Forget about Pink Floyd with the Wizard of OZ, or Grizzly Bear with City of Lost Children. Try Black Swan Network's Dream Tapes with By Brakhage: An Anthology, skip forward to his more brief, color-encrusted, 80's films, play loud (with bong and buddha box, if available), and you've achieved dorm-room transcendence.
4.16.2007
Whiskey Tango Foxtrot - Chief Eazy-E

The Eazy-E arrowhead? A strange relic from my childhood found while cleaning out my former closet at my parent's house. Where did this come from?
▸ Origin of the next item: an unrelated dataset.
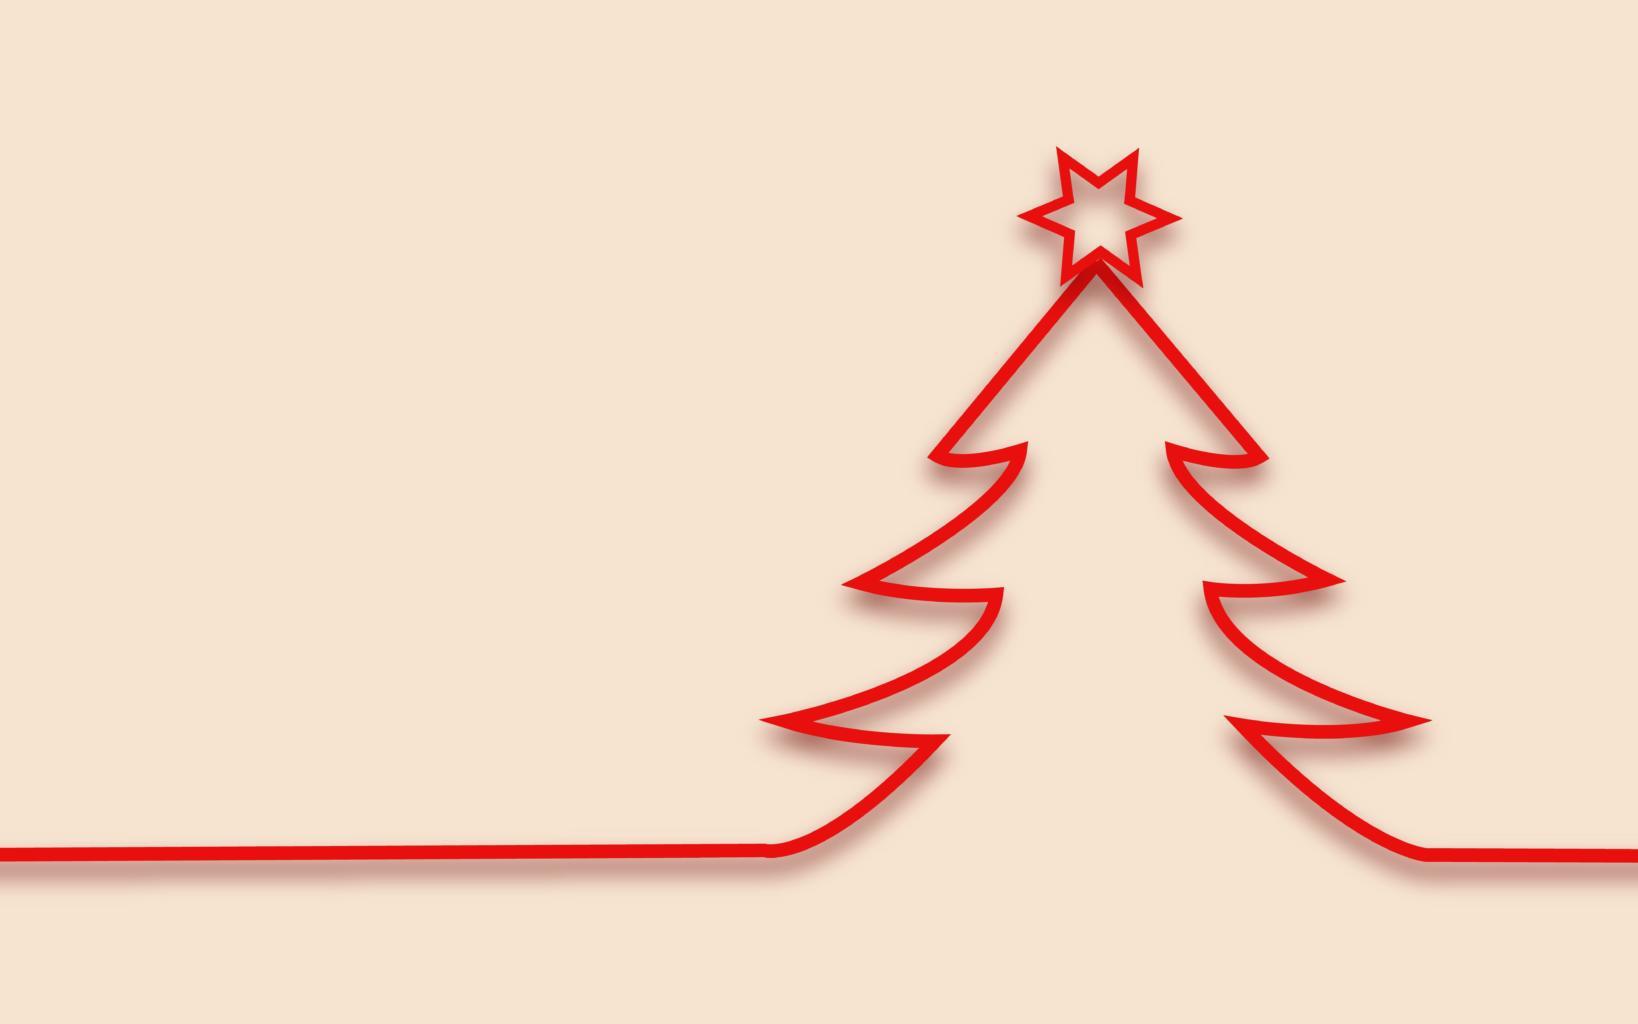 Invitation À Une Fête De Noël : Voici Des Modèles De Texte intérieur Ecriture De Noel A Imprimer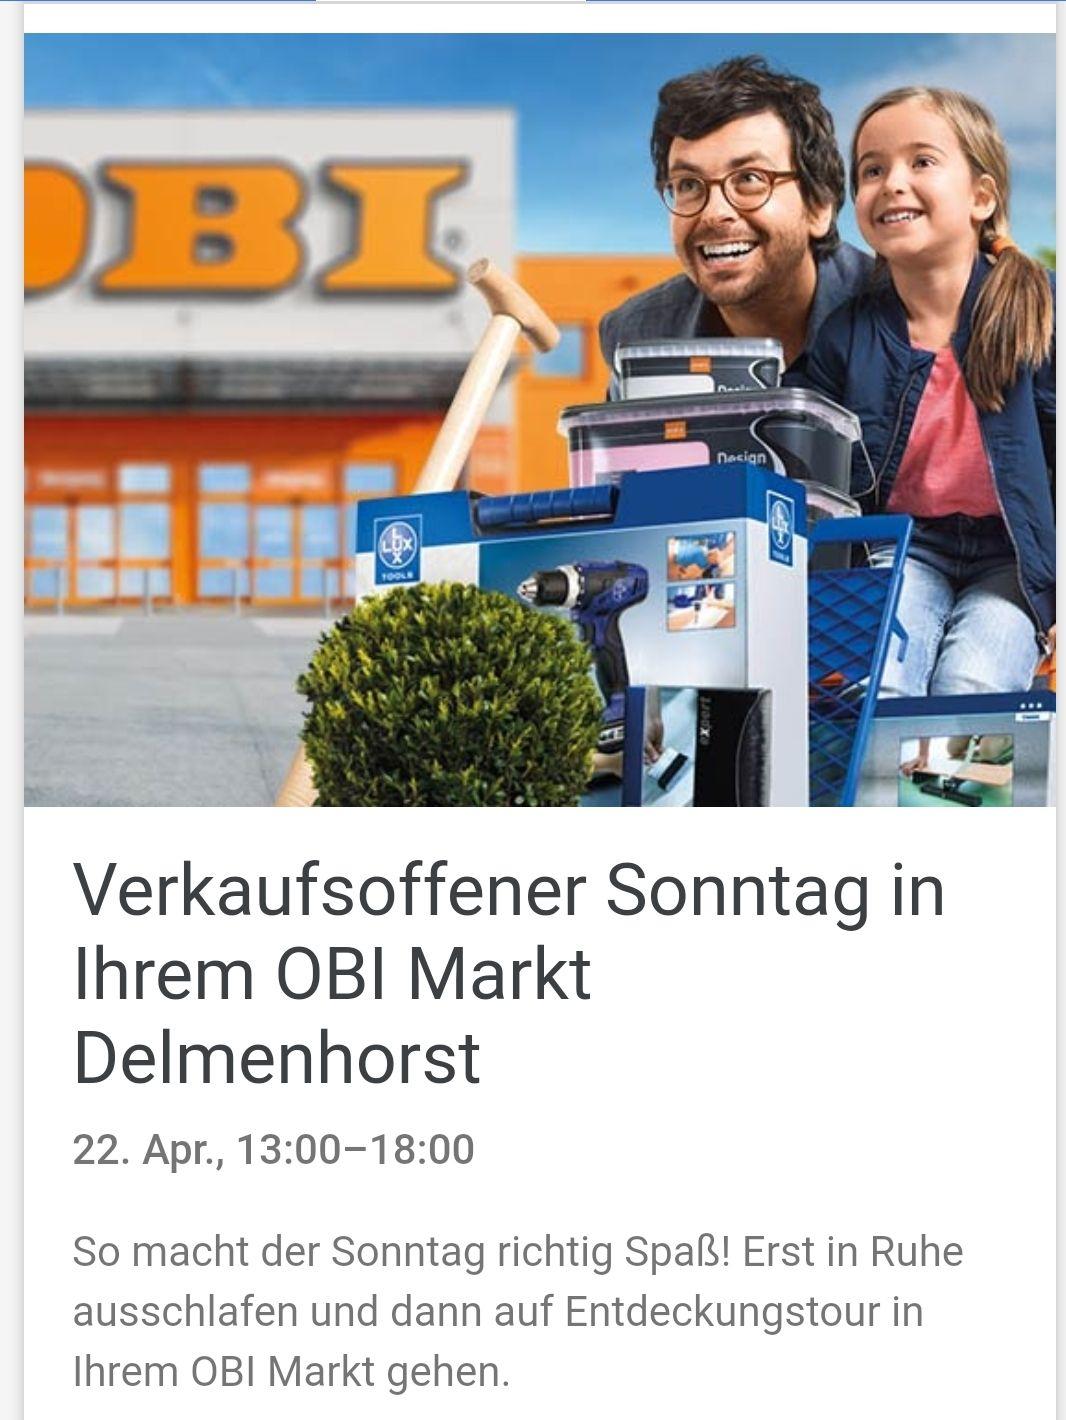 2x 15%* Rabatt Gutscheine für den Verkaufsoffener Sonntag am 22.04. bei [Obi in Delmenhorst + weitere] dadurch z.B. der Weber One-Touch Original 57 cm für 152,99€

I'm figuring it was made around 5th or 6th grade, around the time Tim Grunkemeyer and I stole both Straight Outta Compton and Eazy Duz It from the Salem Mall in Dayton. Along with 2 Live Crew's As Nasty As They Wanna Be we (my gang of nerds) would secretly memorize every word of this trio of tapes during our time together in GATE (gifted and talented education). That's where I'm assuming this leather arrowhead was made, as we would take time out to do native crafts or learn knots and small electronics, ya' know, basic public school stuff. I was enamored with every aspect of hip-hop culture, and would integrate it into any kind of school project or book report (I once rapped about Ohio history over the "Humpty Hump" instrumental in social studies). Notice though the Indian Swastikas, my color detail, the extra rococo designs. Don't ask me what I planned on doing with such a bauble, I probably wore it once, these days though it would be priceless to a hipster in Williamsburg. Maybe I should sell it on Ebay?....nah. Maybe it unlocks a portal to Eazy's Malt Liquor Cathouse in the heavens? Wishing now I could find the Hip-Hop Trivia board game I developed around the same era.
So...if there's anything you would like to add to my museum of oddities(must be related to music), please send it along.